* _Data block_
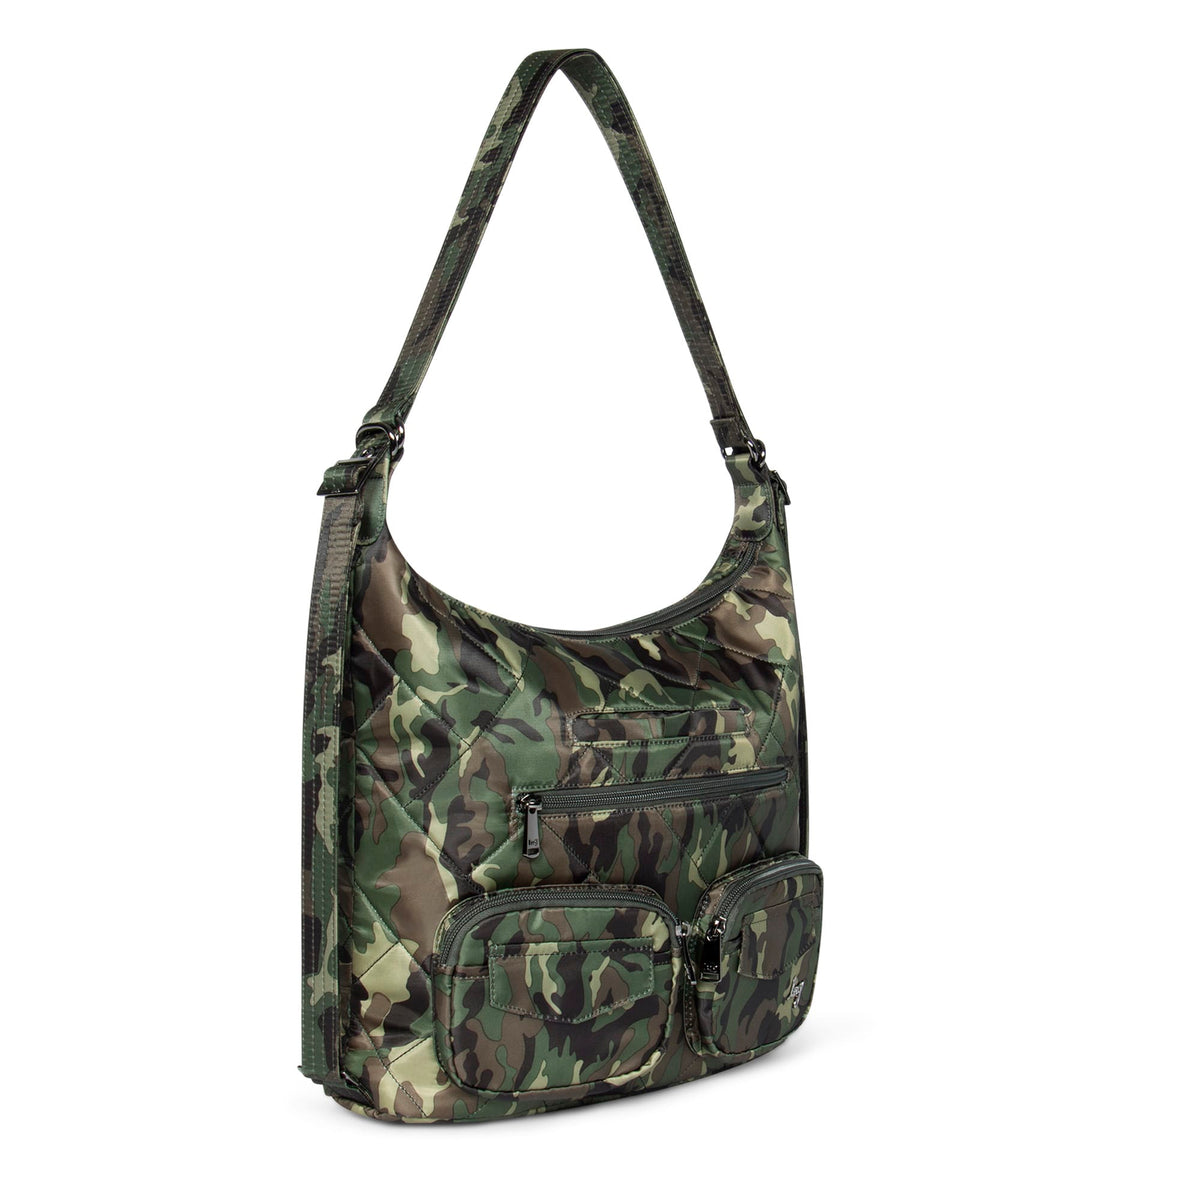 Zipliner 2 Convertible Hobo Bag
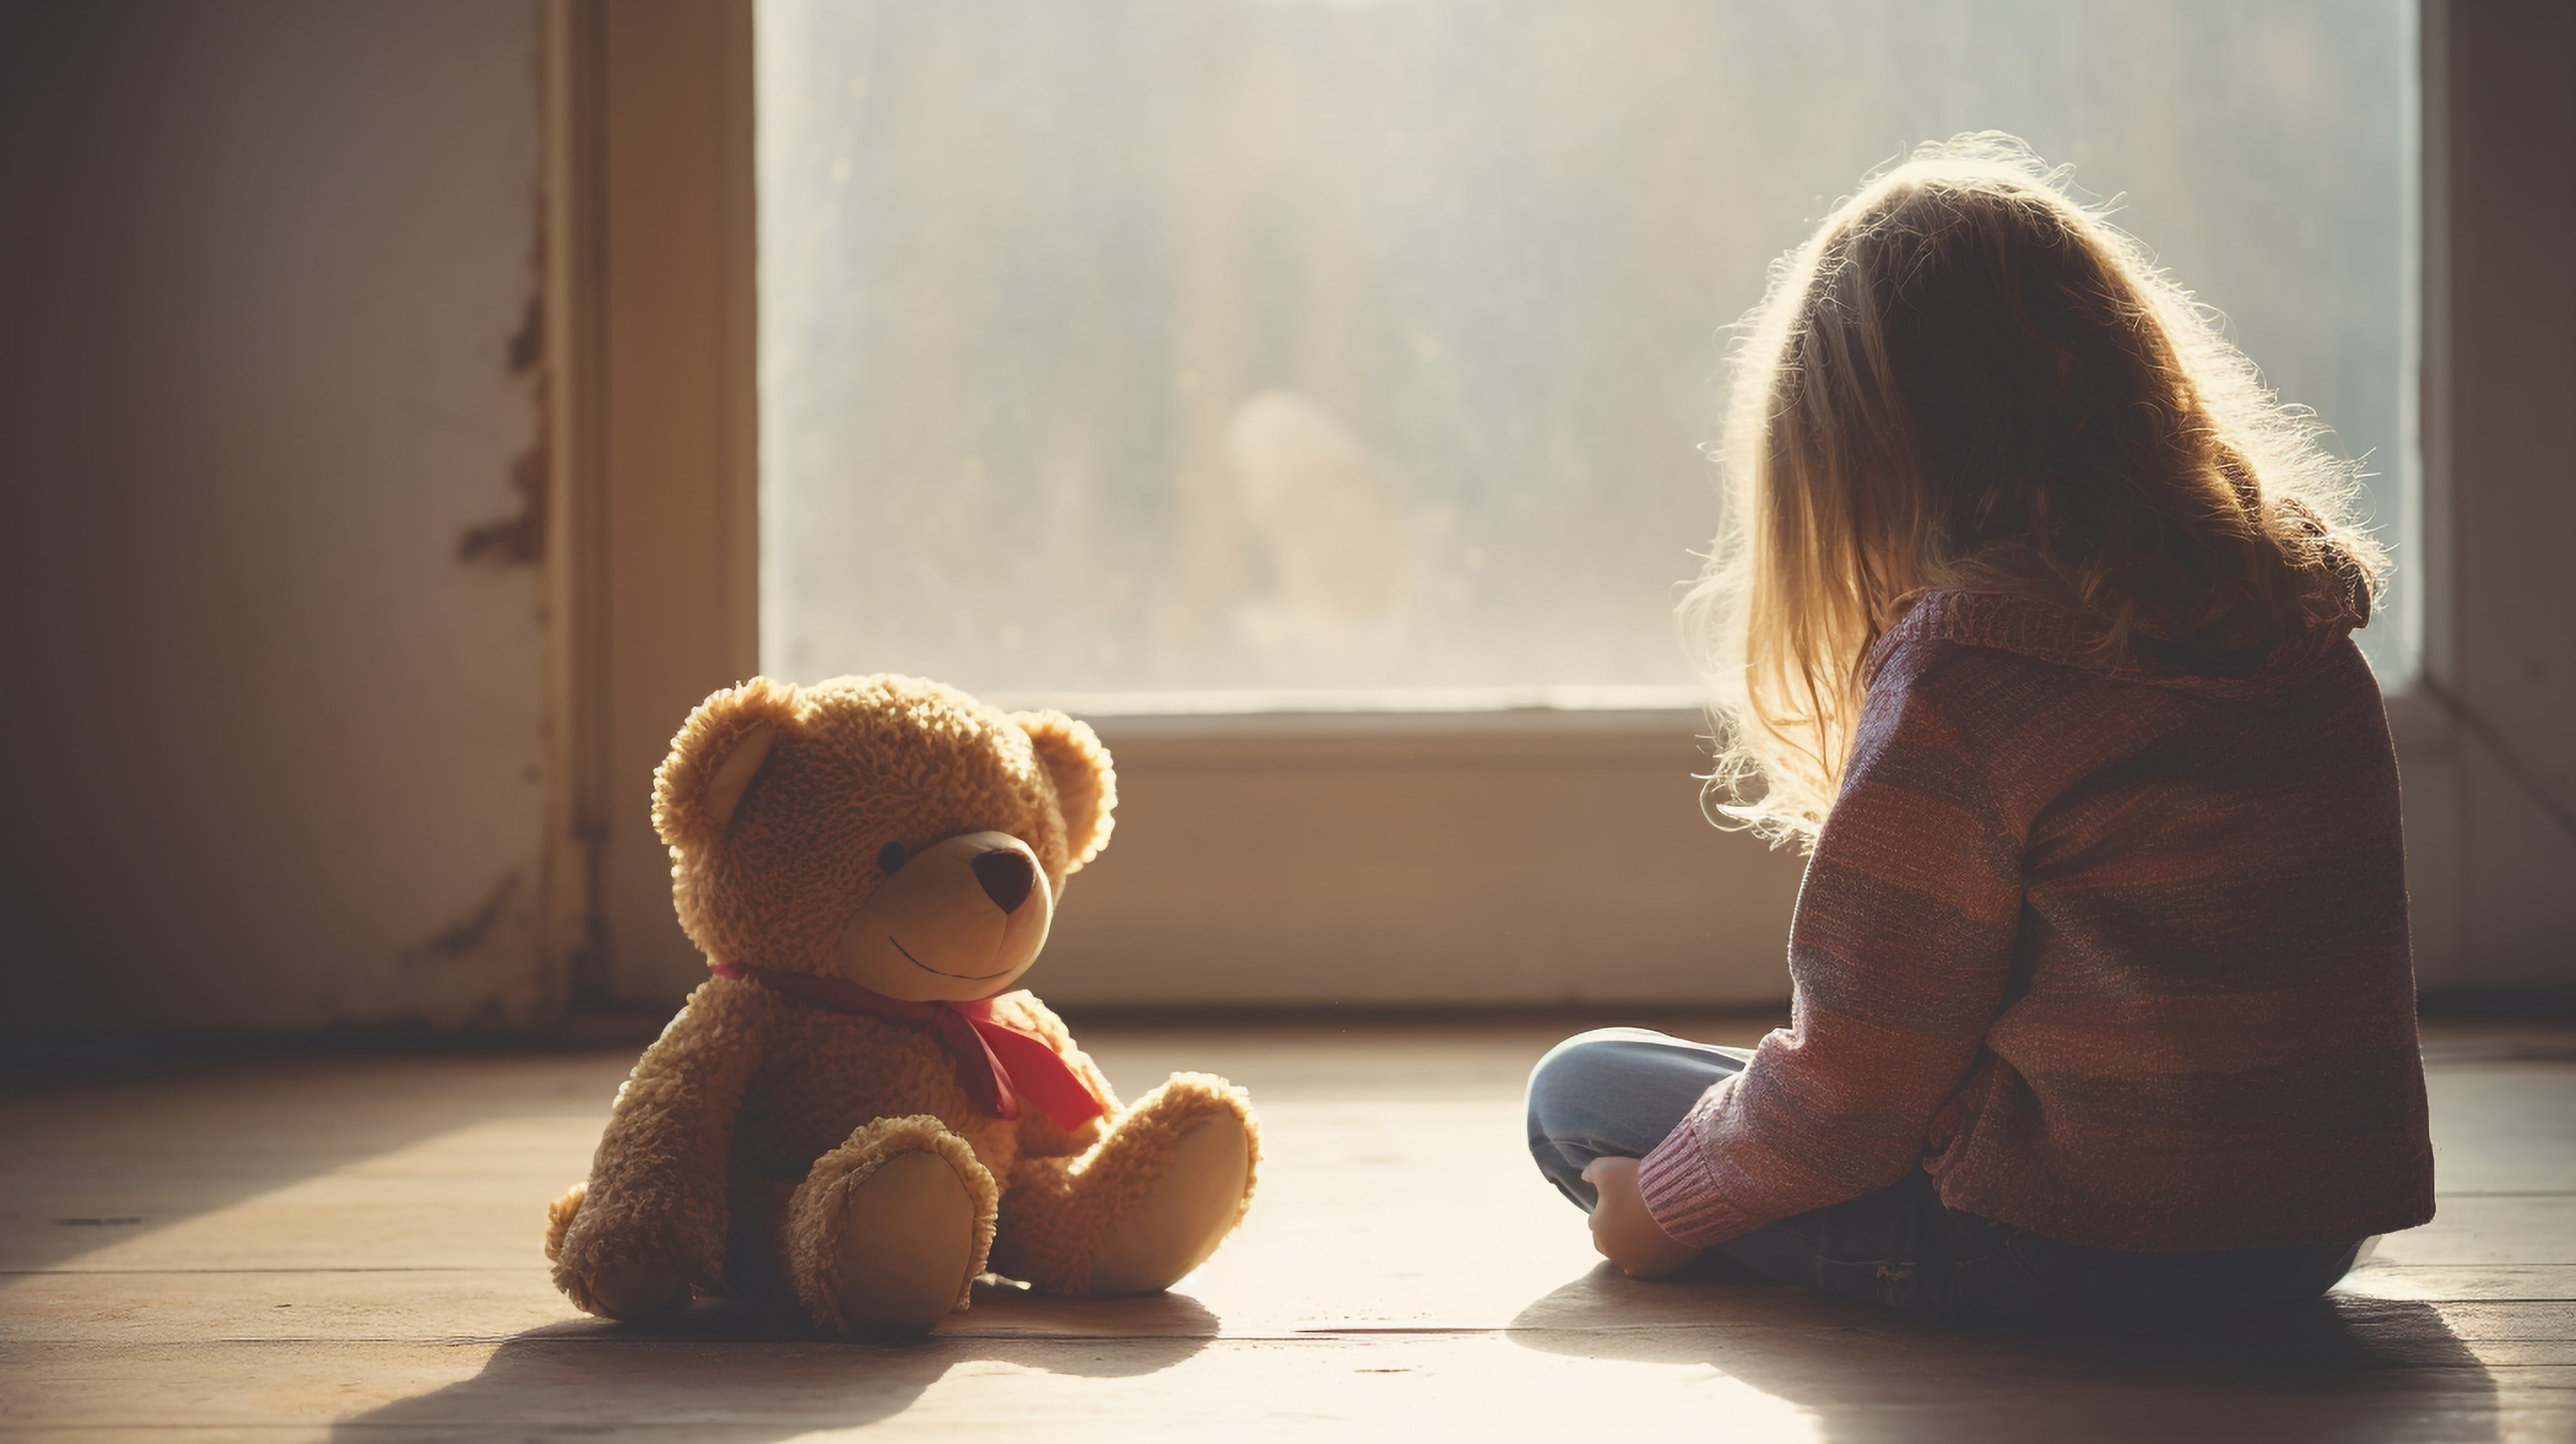 Kind sitzt einsam mit Teddy auf dem Boden
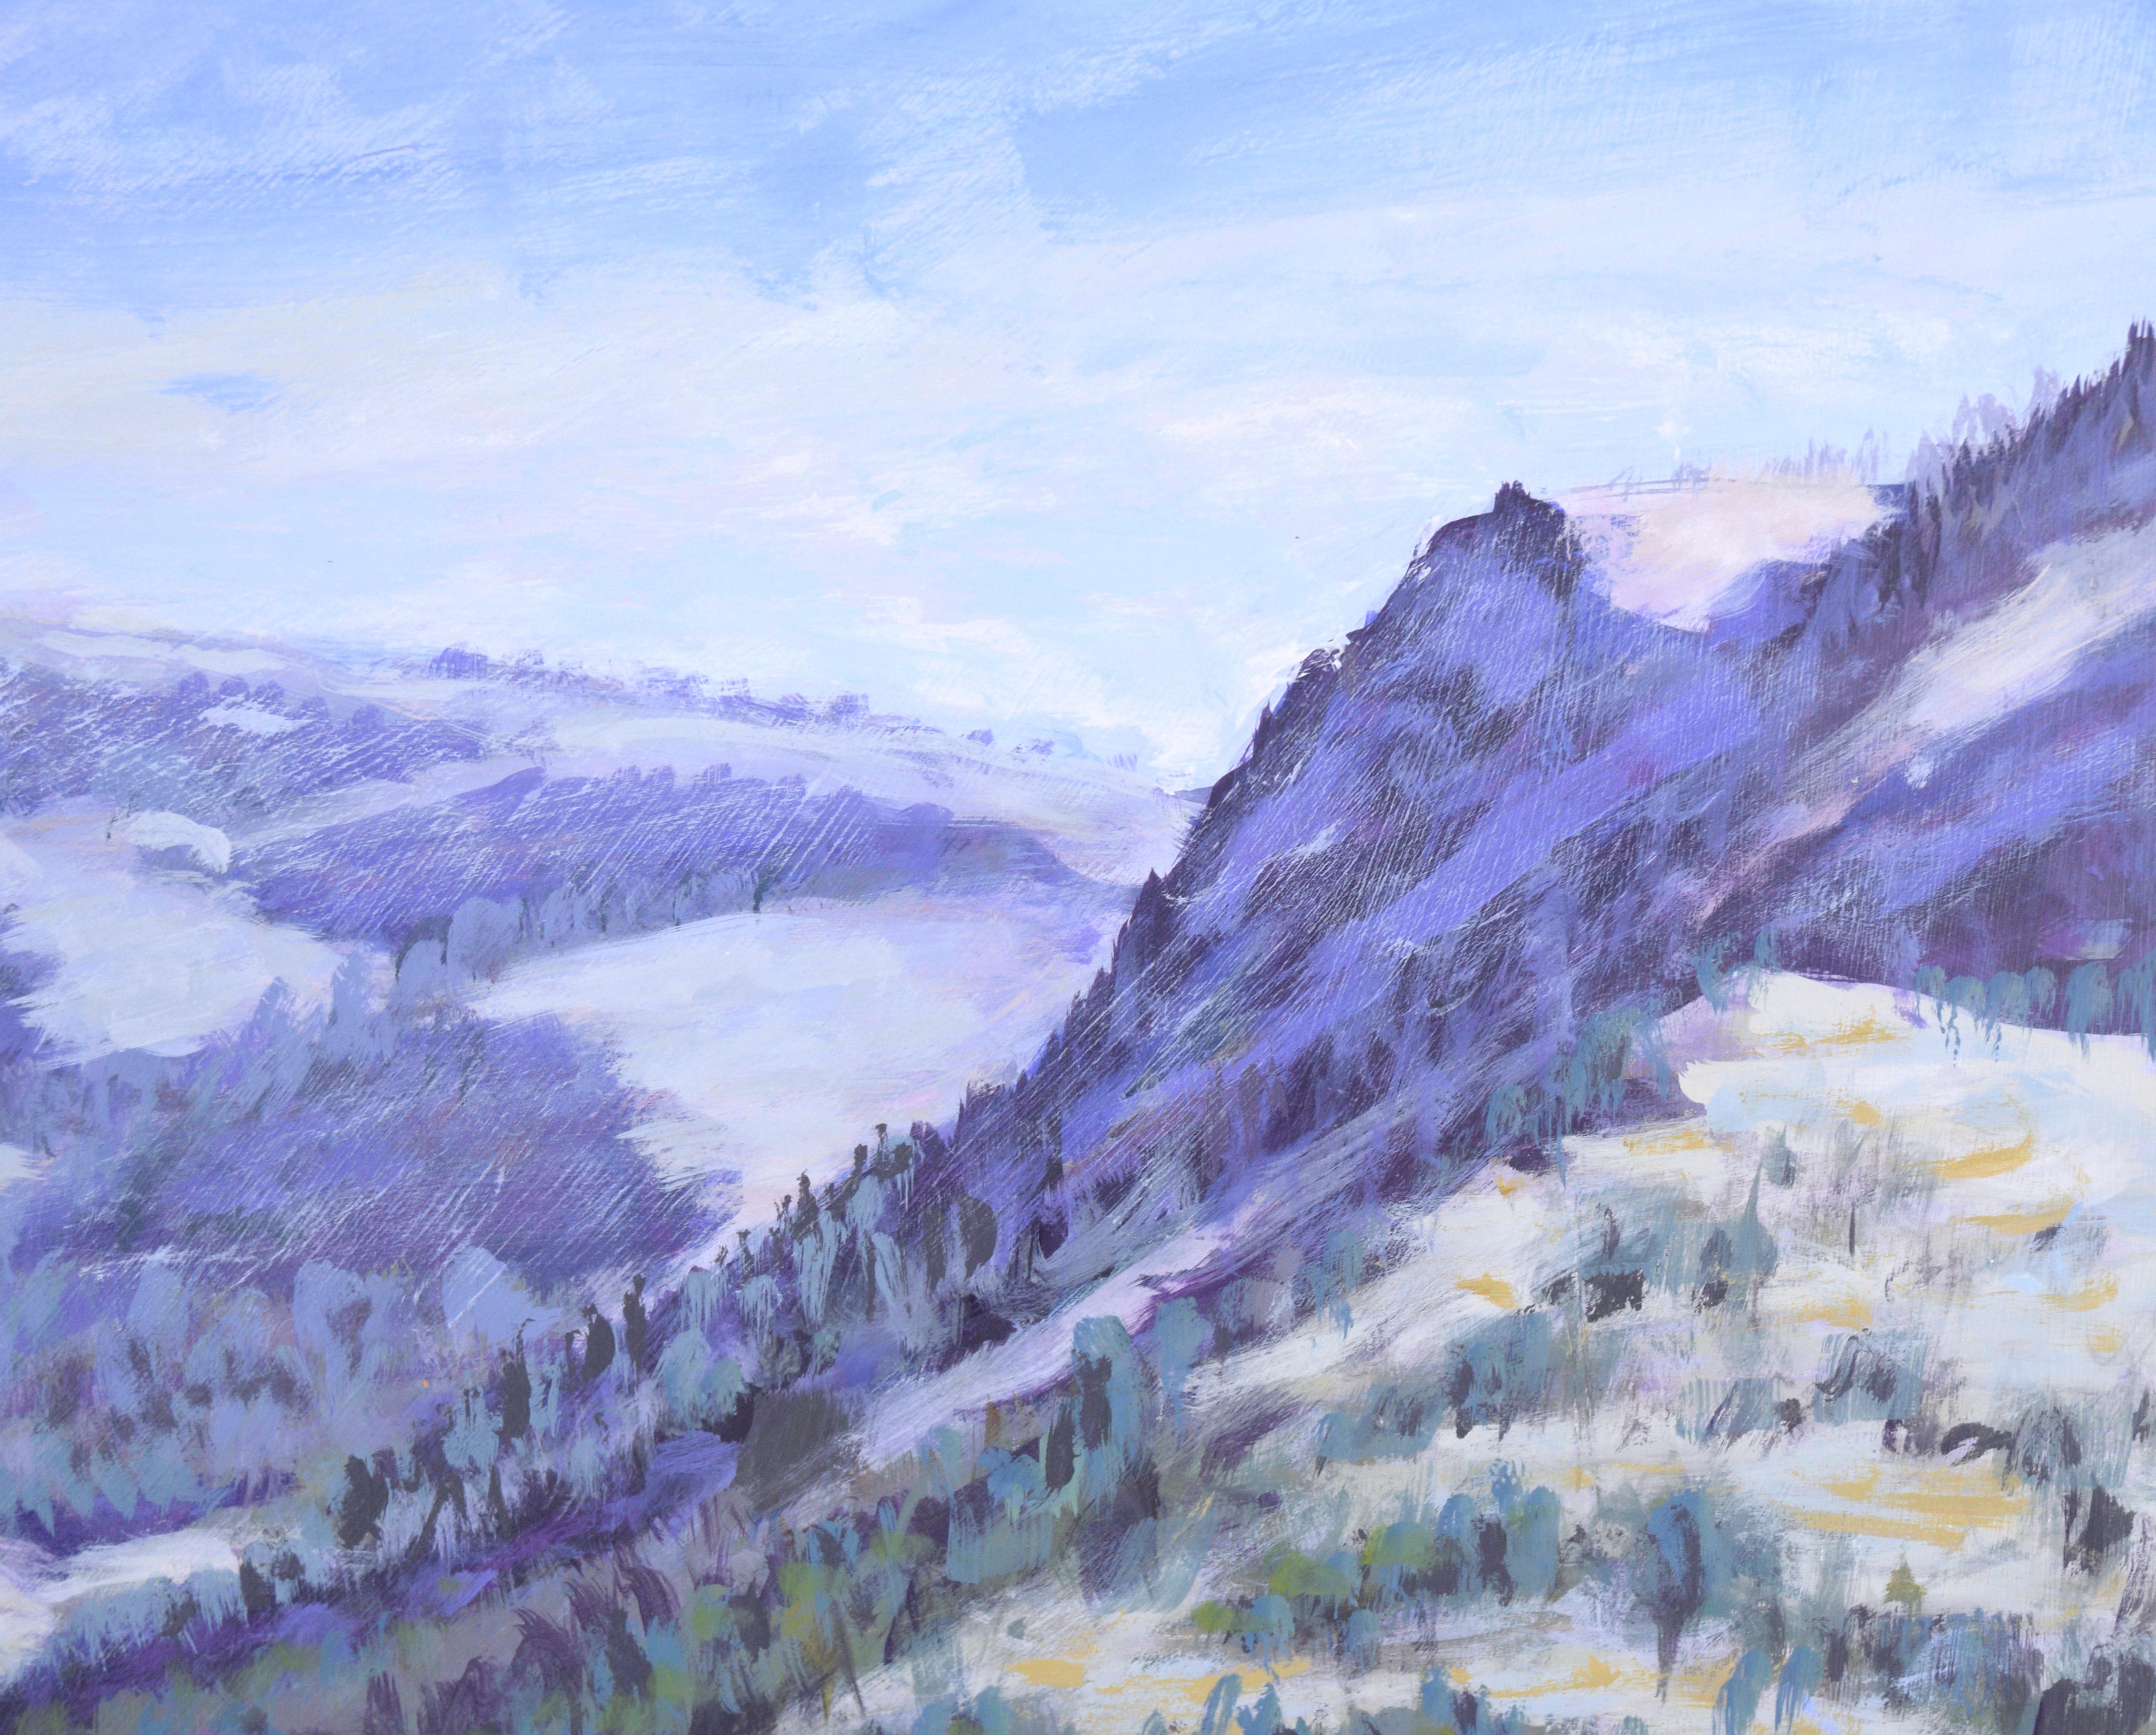 Lac de montagne - paysage en plein air acrylique sur panneau

Paysage de montagne luxuriant de l'artiste californien Plein Aire Nick Whiting (américain, 1943-2009). Le spectateur contemple une chaîne de montagnes couverte d'arbres à feuilles

* _What you need to do_
The complete material, set down exactly and stripped of pictures, is the expected response.

* _Written reply_
 Zipliner 2 Convertible Hobo Bag
 Kind sitzt einsam mit Teddy auf dem Boden
 Lac de montagne - paysage en plein air acrylique sur panneau

Paysage de montagne luxuriant de l'artiste californien Plein Aire Nick Whiting (américain, 1943-2009). Le spectateur contemple une chaîne de montagnes couverte d'arbres à feuilles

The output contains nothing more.